TÜRKİYE CUMHURİYETİ
|
ANAYASA MAHKEMESİ
|
|
|
İKİNCİ BÖLÜM
|
|
KARAR
|
|
TAYLAN KAMIŞ BAŞVURUSU
|
(Başvuru Numarası: 2013/5709)
|
|
Karar Tarihi: 17/3/2016
|
|
İKİNCİ BÖLÜM
|
|
KARAR
|
|
Başkan
|
:
|
Engin YILDIRIM
|
Üyeler
|
:
|
Serdar ÖZGÜLDÜR
|
|
|
Osman Alifeyyaz PAKSÜT
|
|
|
Recep KÖMÜRCÜ
|
|
|
M. Emin KUZ
|
Raportör Yrd.
|
:
|
İsmail Emrah PERDECİOĞLU
|
Başvurucu
|
:
|
Taylan KAMIŞ
|
Vekili
|
:
|
Av. Ahmet Sinan SÜRÜCÜ
|
I. BAŞVURUNUN
KONUSU
1. Başvuru, ceza ve hukuk davalarının
makul sürede sonuçlanmaması nedeniyle adil yargılanma hakkının, etkili başvuru
hakkının ve mülkiyet hakkının ihlal edildiği iddiasına ilişkindir.
II. BAŞVURU
SÜRECİ
2. Başvuru, 12/7/2013 tarihinde İzmir 4. Asliye Ceza
Mahkemesi vasıtasıyla yapılmıştır. Dilekçe ve eklerinin idari yönden yapılan ön
incelemesi neticesinde başvurunun Komisyona sunulmasına engel teşkil edecek bir
eksikliğinin bulunmadığı tespit edilmiştir.

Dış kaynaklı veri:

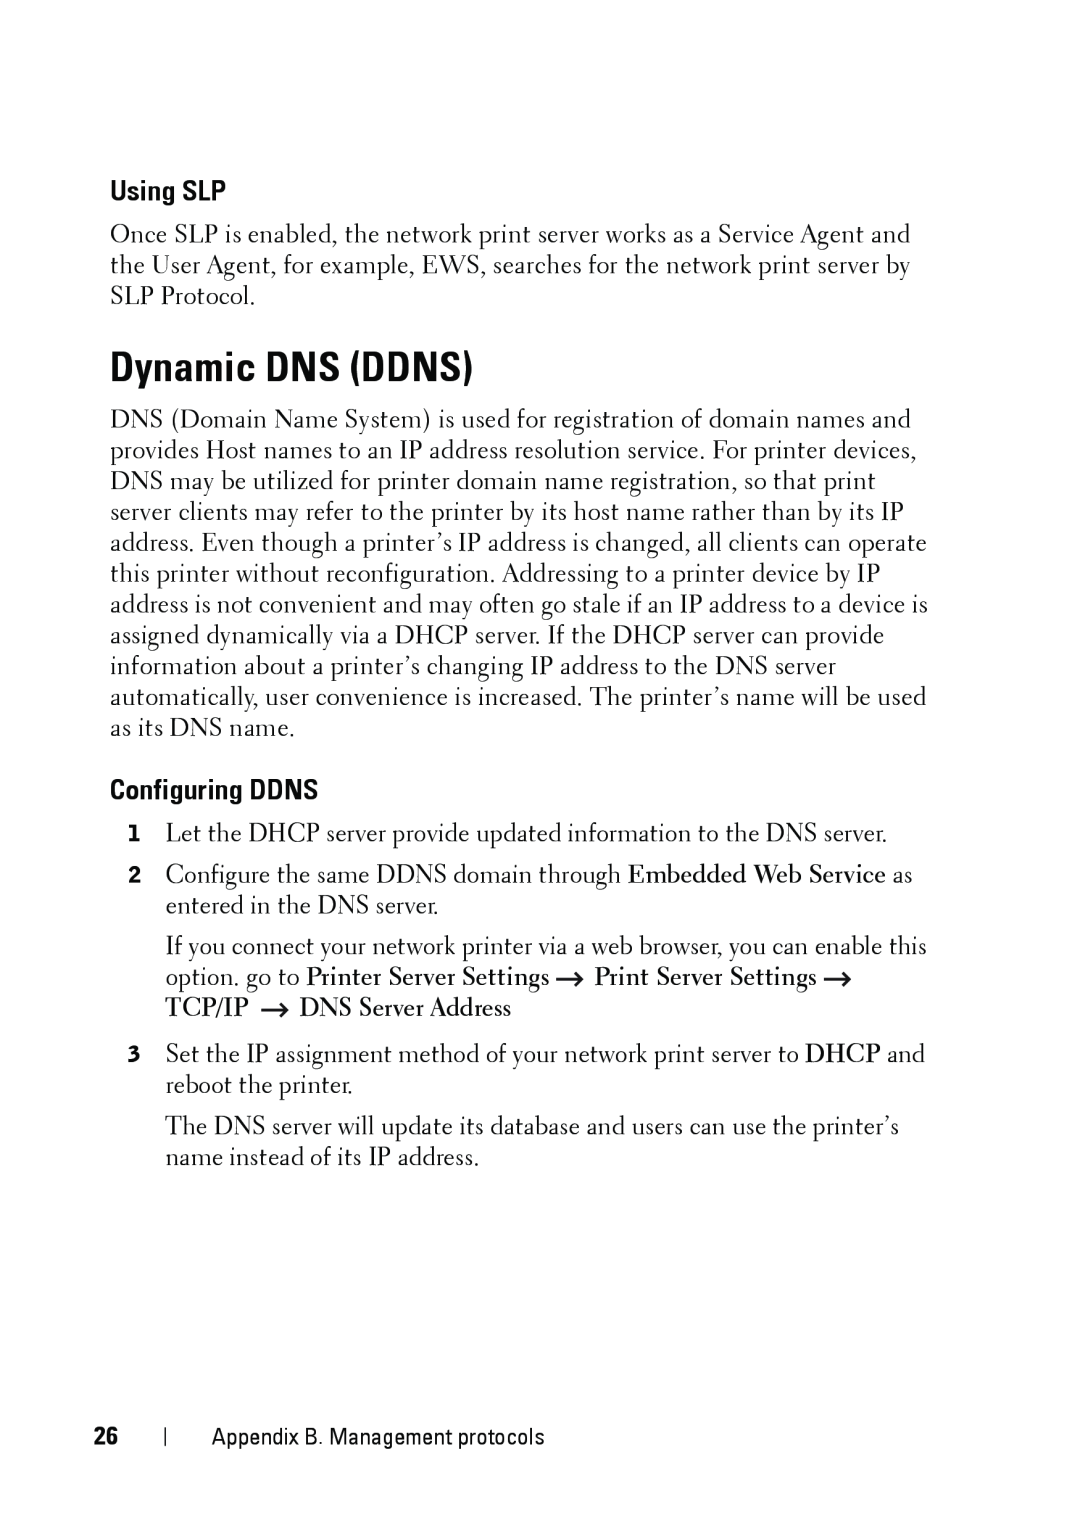 Dell 5002 manual Dynamic DNS DDNS, Using SLP, Configuring DDNS, TCP/IP DNS Server Address 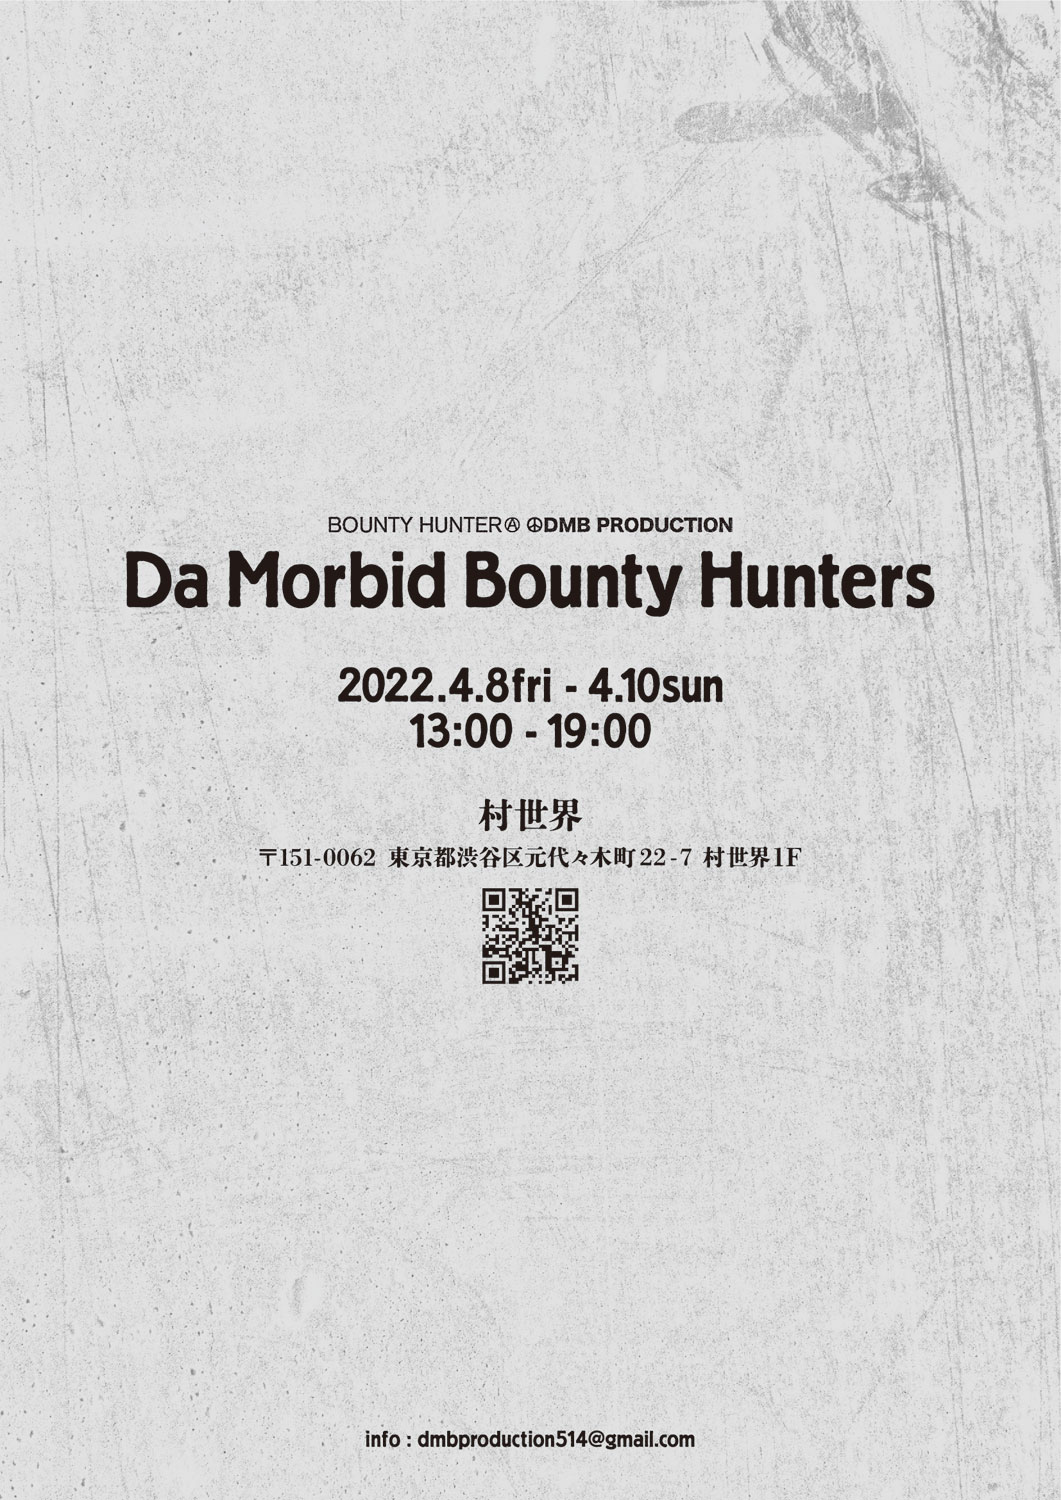 BOUNTY HUNTER & DMB PRODUCTION presents "Da Morbid Bounty Hunters"

3. İkinci Bölüm İkinci Komisyonunca 21/3/2014 tarihinde,
kabul edilebilirlik incelemesinin Bölüm tarafından yapılmasına karar
verilmiştir.
4. Bölüm Başkanı tarafından 5/9/2014 tarihinde, başvurunun
kabul edilebilirlik ve esas incelemesinin birlikte yapılmasına ve başvuru
belgelerinin bir örneğinin görüş için Adalet Bakanlığına (Bakanlık)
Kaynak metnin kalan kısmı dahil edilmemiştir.